Input Store
Activities are parameterized to allow reuse, which means the definition of an activity is separate from its inputs. This separation enables you to create generic activity templates that can be used in different contexts with different configurations.
The Activity Template holds the generic definition of the function, describing what the activity does and what inputs it requires. The Input Store holds the concrete values for a given process, phase, or activity instance within an execution.
This separation allows you to reuse the same activity template multiple times with different input values, making your processes more flexible and maintainable.
What is the Input Store?
The Input Store is a collection of input sets for a process. There can be different sets of inputs for the same process, allowing you to execute a release multiple times with different values.

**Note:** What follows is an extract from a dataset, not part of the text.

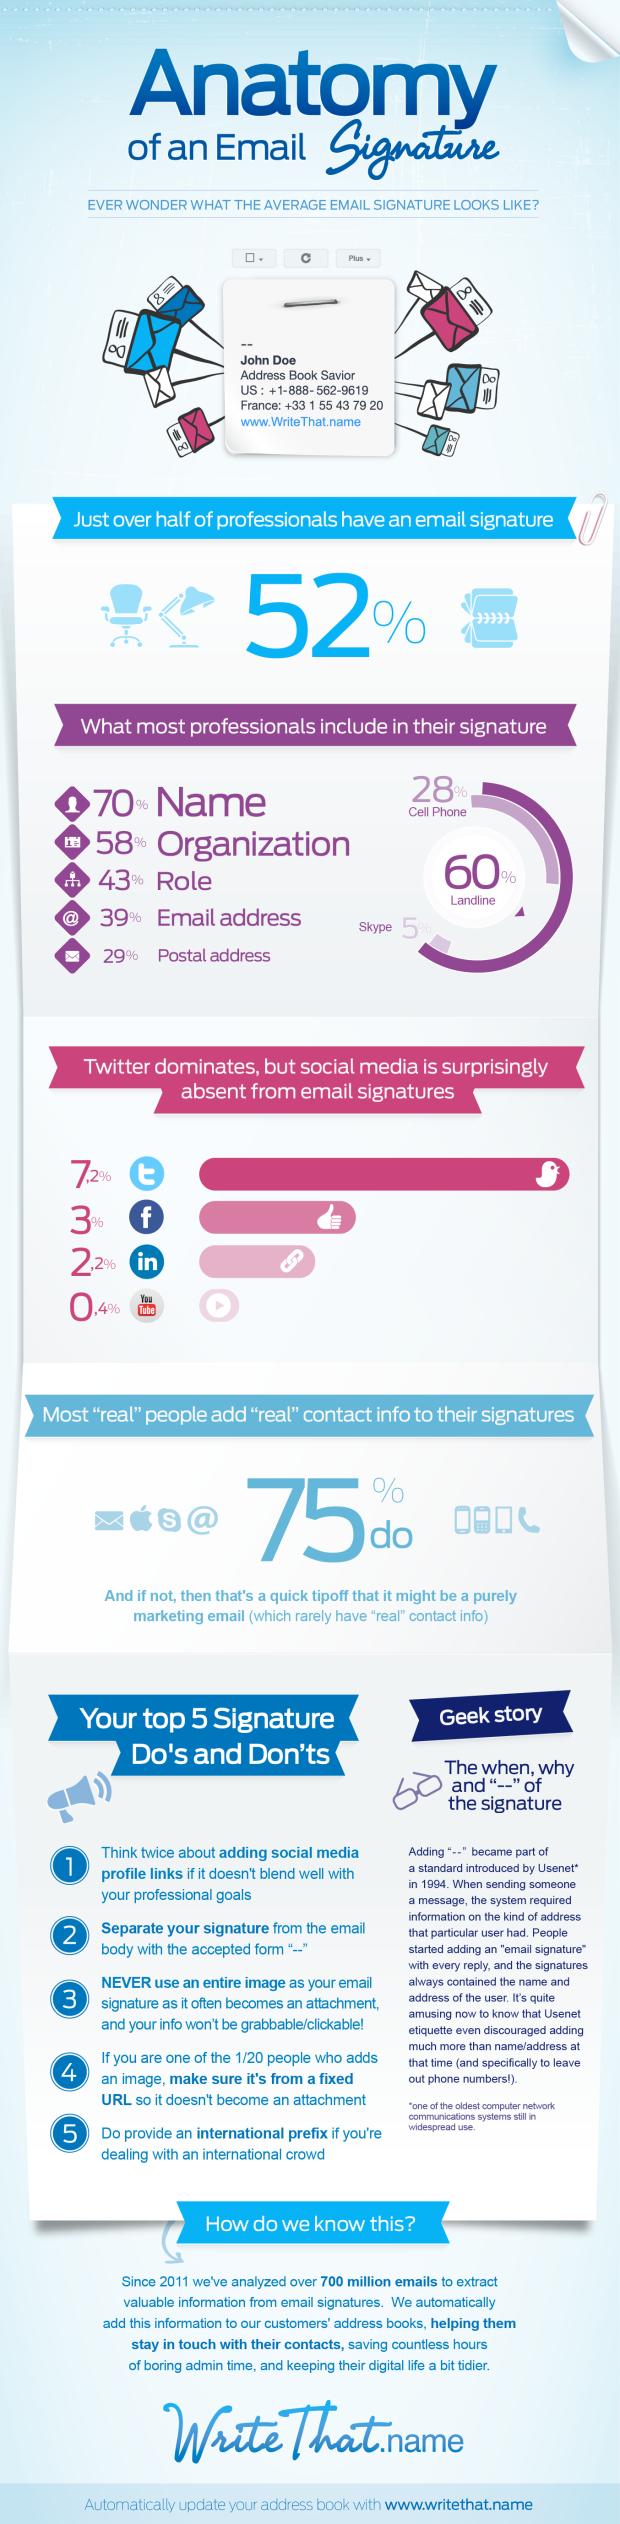 WriteThatname_Infographic_Anatomy_of_Email_Signature

This capability is essential for running the same release process with different configurations, such as deploying to different environments or using different build artifacts.
In the demo flow, you typically interact with the Input Store when you pre-execute or execute a release and provide the minimum required inputs. This is where you supply the concrete values that will be used for that specific release execution, either accepting defaults or overriding them as needed.
What the Input Store holds
The Input Store holds concrete values at multiple levels of the release hierarchy. It stores process-level inputs that apply to the entire release, phase-level inputs that are specific to individual phases, and activity instance inputs that are unique to specific activities within an execution.
For automated activities, these activity instance inputs map directly to pipeline inputs, allowing you to pass values from the release orchestration layer down to the underlying pipeline execution.
Defaults and overrides
To support repeated executions of the same process, the Input Store provides mechanisms for defaults and overrides. Inputs and variables can have default values that are used when no specific value is provided, reducing the amount of information users need to enter for routine executions.
You can override these values at execution time when needed, giving you the flexibility to customize a specific release execution without modifying the process definition or default values.